Querido diário,
Oi, sumido!
Curtiu sua temporada de fundo de armário? Mamãe até que te cuidou bem,
entre todos, o mais Tchans! Cinquentanos de caixas e caixas de quinquelhos prá
tirar do mofo e do deusmelivre! Estou há dias nessa arqueologia. Encontrei as
edições secretas de quando você era criança e gostava mais de figurinhas e
desenhos, corte e cola e pinta. Páginas grudadas da nossa história. Na
sequência, vi os erros. Os cedilhas, deslocados, mas na mais caprichada
letrinha. Tuas páginas ainda têm o jasmim das tardes de caligrafia. Achei tua
versão em saltos altos, ensaiando uma valsa - como se coubesse tanto luar.
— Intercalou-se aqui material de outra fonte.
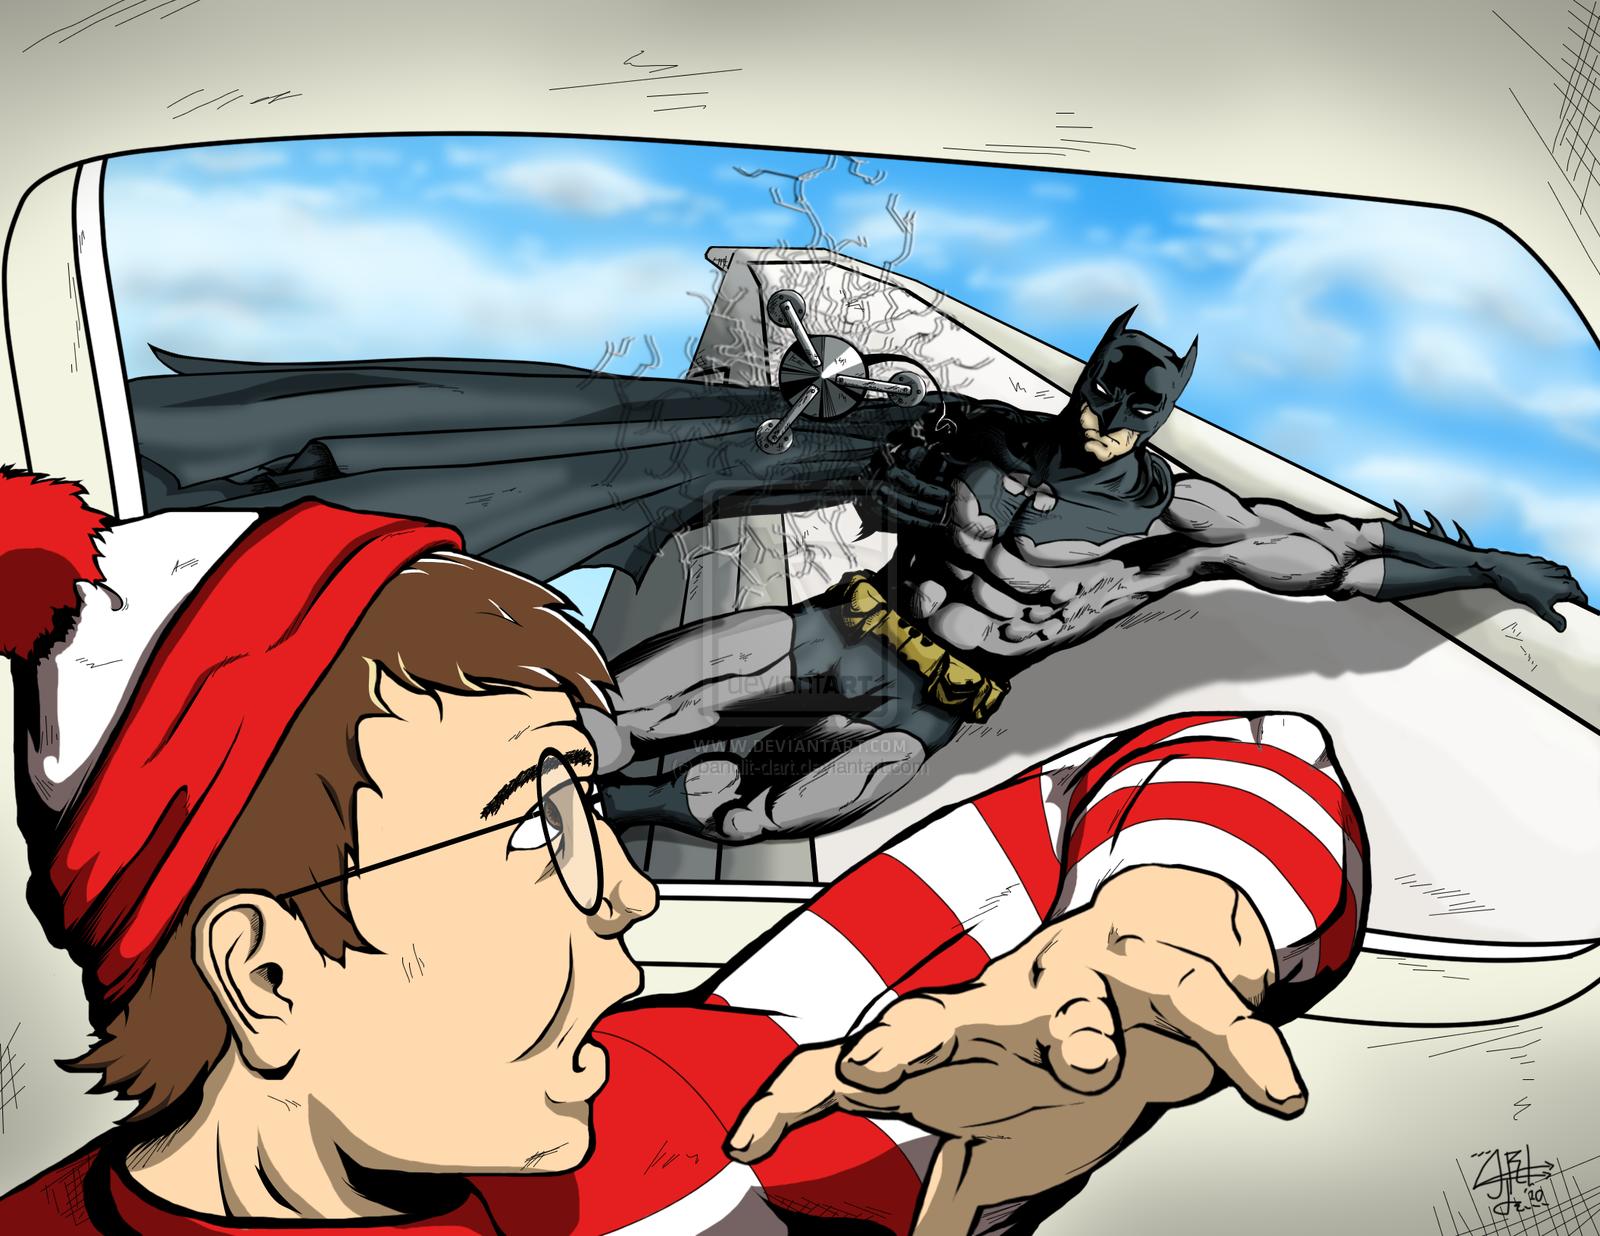 Batman found Waldo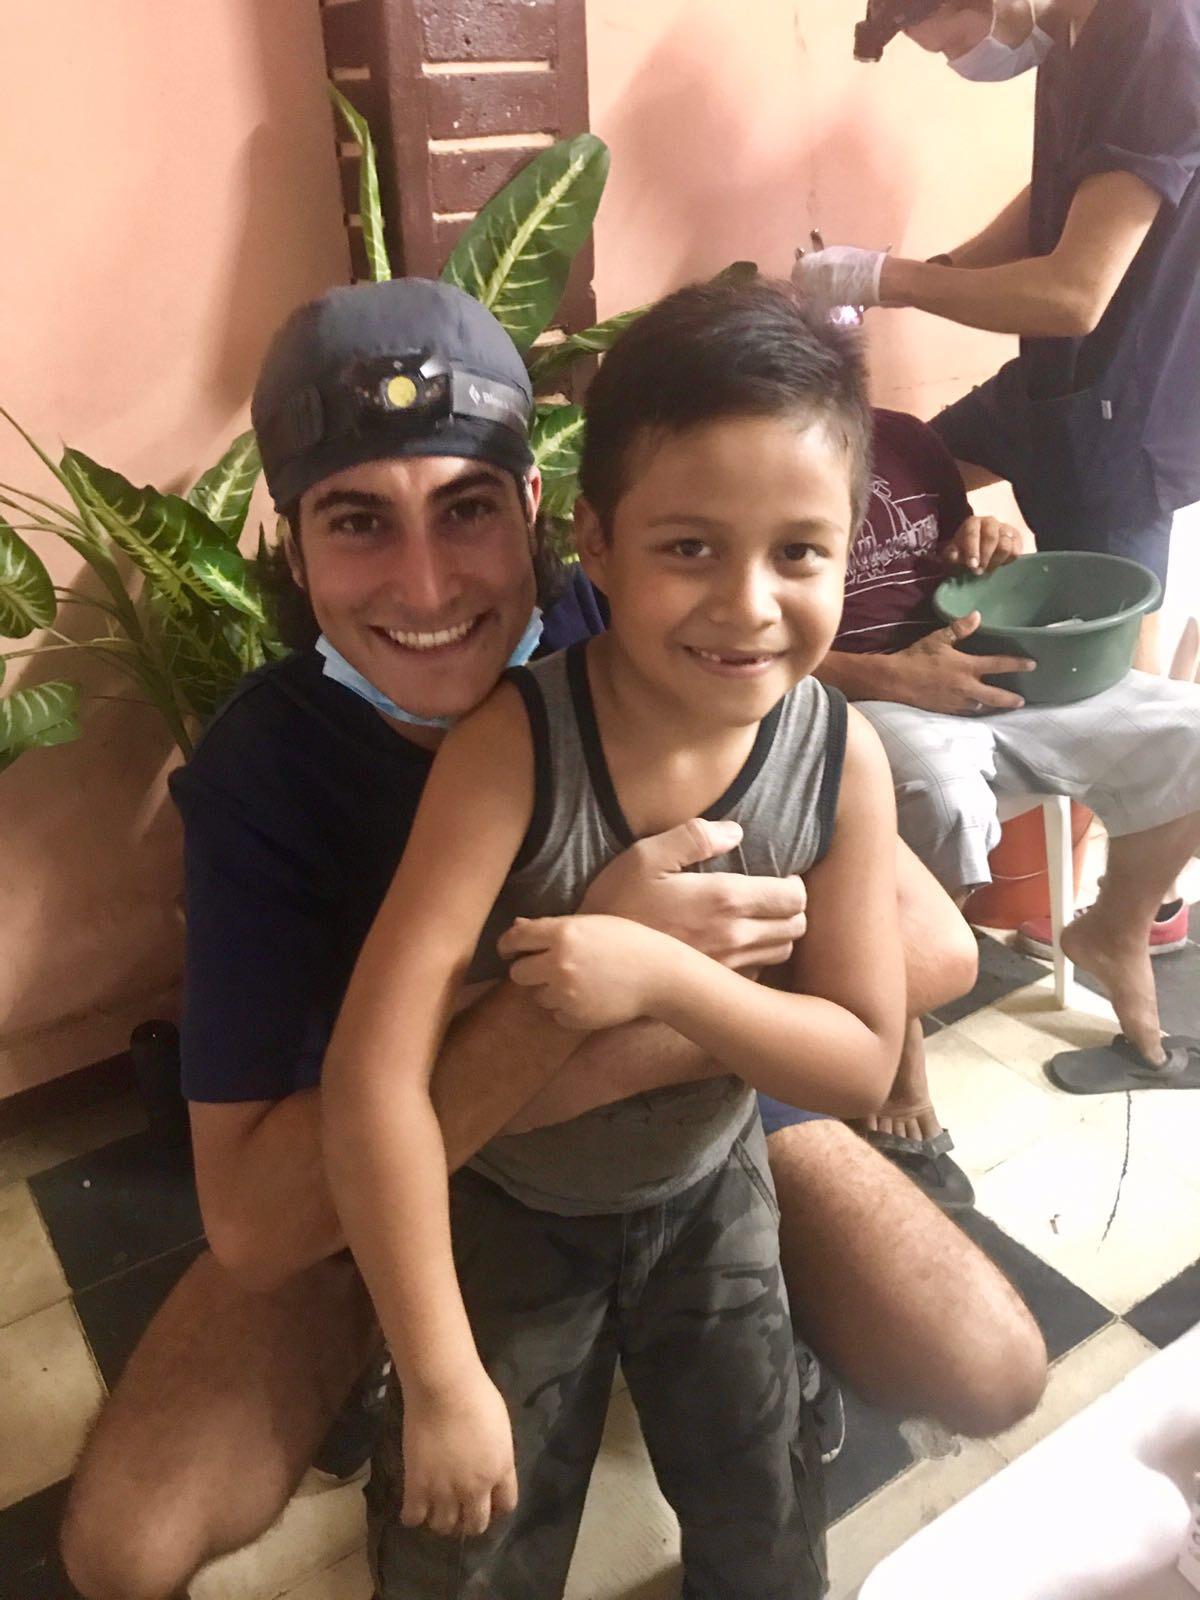 Mariano de l canto con un paciente en Nicaragua - Asociación Dentistas sin límites

Te
achei tão jovem, chei’de criatividade.
Muita
história eu tinha prá contar! Lembro que
percebi que eram histórias interessantes, no mesmo dia que te descobri nem tão
secreto assim. A cena: Mamãe - roupão
amarelo, laranja e preto - enormes flores atoalhadas amarradas na cintura. A
memória: O que parece maior, bobes prendendo os cabelos, ou o diário balançando
aberto na mão dela? A viagem: O relógio era um exagero, eu me senti pequena.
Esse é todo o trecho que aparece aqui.